The Amino Acid Sequences, the Peptide-Carbohydrate Linkages, and the Composition and Size of the Polysaccharide Units of the Glycopeptides from α₁-Acid Glycoprotein of Human Plasma of Human Plasma

1. α₁-Acid glycoprotein (α₁-AGP) was digested with pronase and the digest was fractionated by chromatography on DEAE-cellulose, which gave six well separated glycopeptide fractions in good yield. Five out of the six glycopeptide fractions were also homogeneous on high-voltage paper electrophoresis. The glycopeptides were designated GP-I to GP-VI in the order in which they were eluted from the DEAE-cellulose column.
2. Amino acid sequences of individual glycopeptides were deter-mined using proteolytic enzymes, mainly carboxypeptidases A and B [EC 3. 4. 2. 1 and 3. 4. 2. 2] and chemical degradations including dinitrophenylation, periodate oxidation, alkali treatment and the Edman procedure. The peptide sequences were found to be: GP-I, Asp-Lys; GP-II, Thr-Pro-Asp-Lys; GP-III, Asp-Lys; GP-IV, Thr-Asp-Lys; GP-V, Asp-Thr-(Ser, Ala)-Gly; GP-VI, Glu-(Ser)-Asp-Thr-(Gly). The sequences of GP-V and GP-VI were only tentative.
3. The linkage between the amino acid and polysaccharide unit in GP-I, GP-II, GP-III and GP-IV were determined using β-aspartylglycosylamine amide hydrolase (“Amidase”). In GP-II, enzymatic breakdown of the linkage took place during incubation of the sialic-acid-free glycopeptide with the carboxypeptidase B preparation. The linkages in GP-V and GP-VI could not be determined because “Amidase” could not be used effectively due to the complex structures of these glycopeptides.

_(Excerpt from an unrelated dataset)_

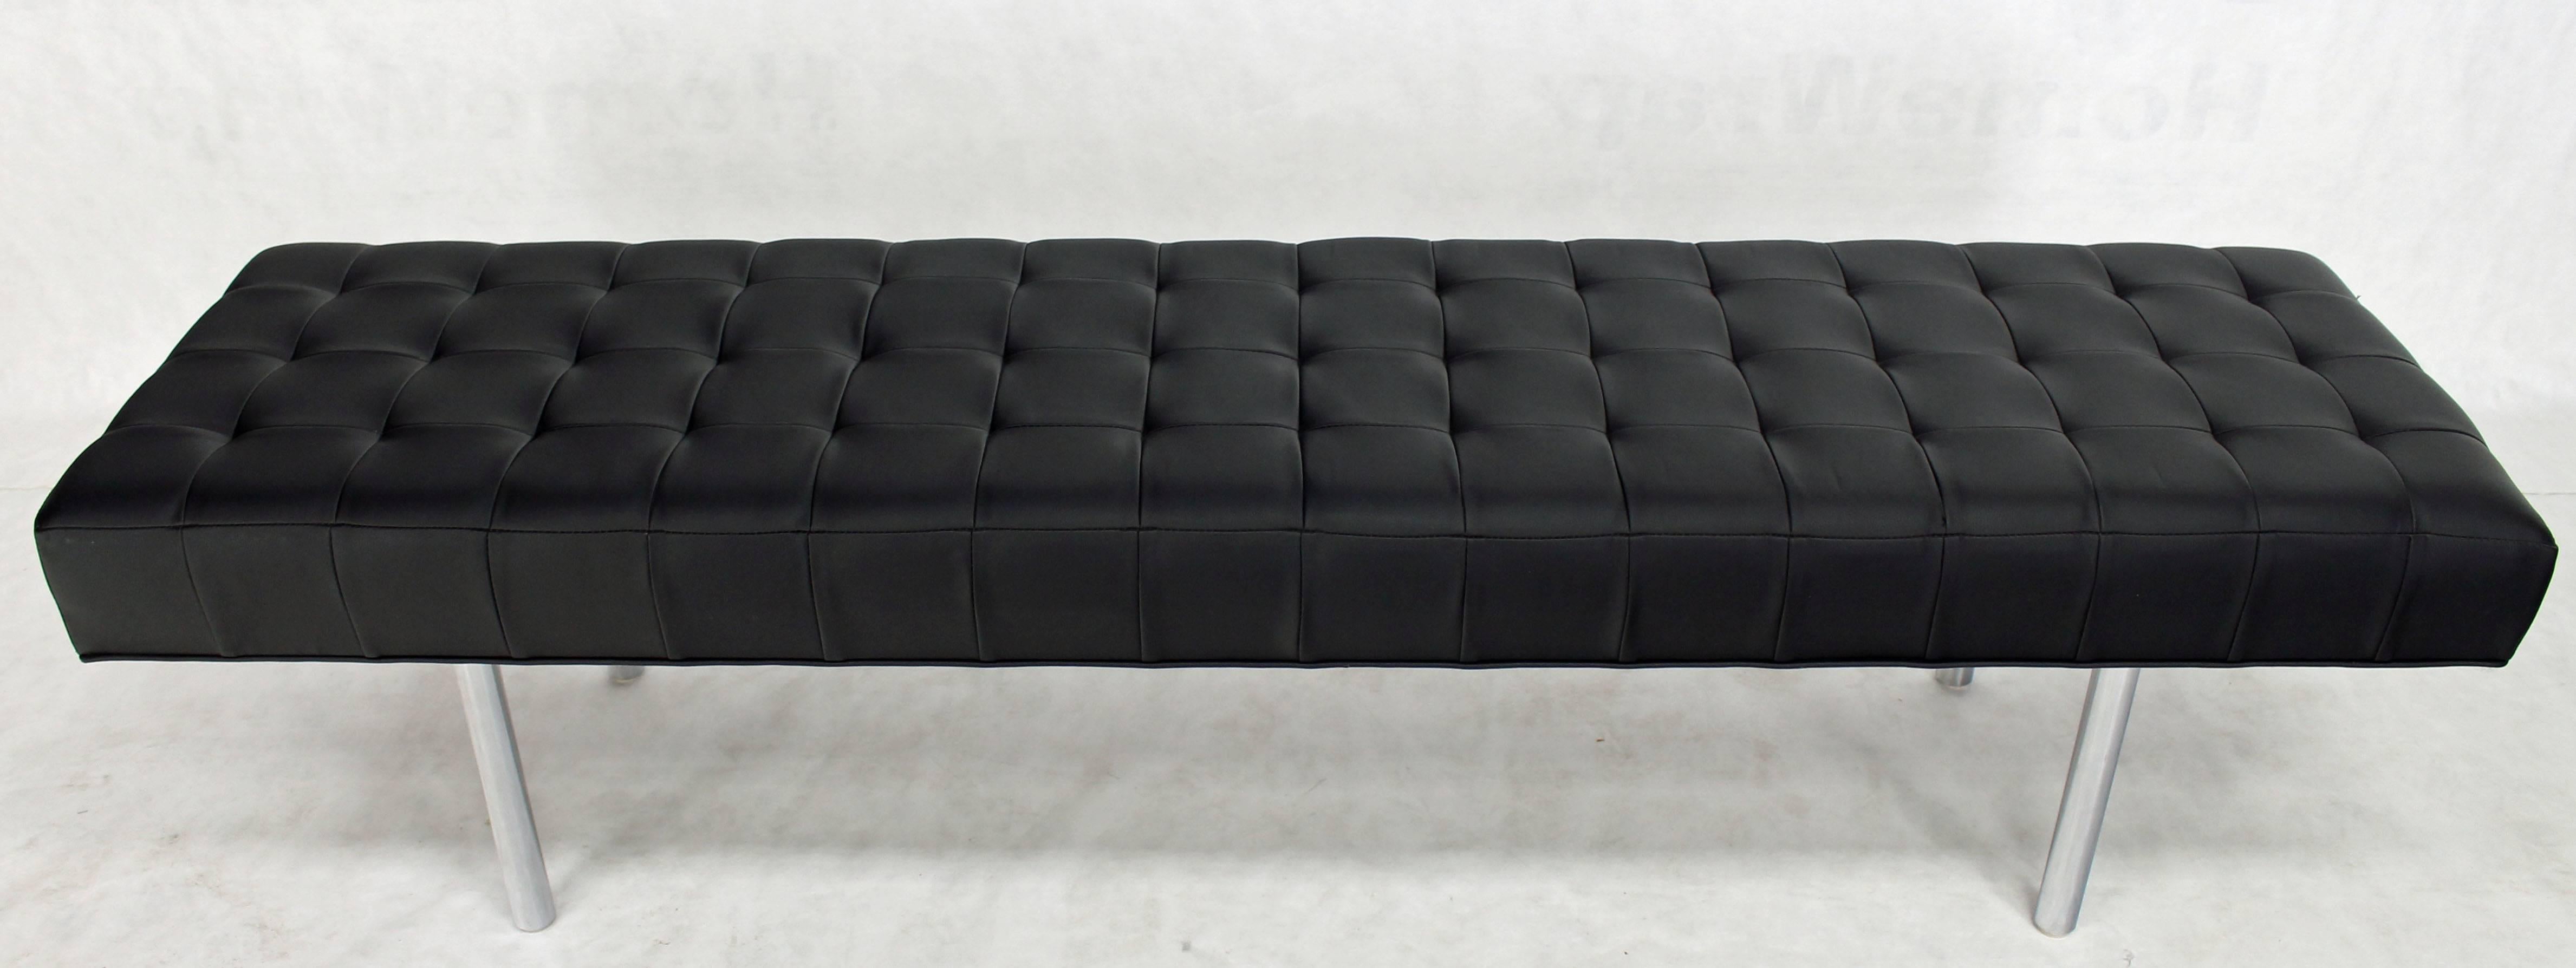 Mid-Century Modern long black tufted upholstery bench, or almost narrow daybed.

4. All the glycopeptides were found to contain sialic acid, glucosamine and neutral sugars. The ratios of sialic acid to either glucosamine or neutral sugars increased approximately in the order of elution i.e. GP-I to GP-VI. In GP-I the ratio of sialic acid/glucosamine was 0.47 whilst in GP-VI it was 0.66. The ratio of neutral sugars to glucosamine did not differ markedly. Analysis of neutral sugar components by gasliquid chromatography showed that the ratios of fucose or galactose to mannose increased from GP-I to GP-VI. GP-I differed considerably from the other glycopeptides in that it contained no fucose and had a considerably lower galactose/mannose ratio. On the basis of these analytical results, tentative assignment of molar sugar composition for each polysaccharide unit was presented and it was concluded that there were at least six different polysaccharide units present in α₁-AGP, all of which appeared to have some degree of heterogeneity and which could not be fractionated further by the present procedures.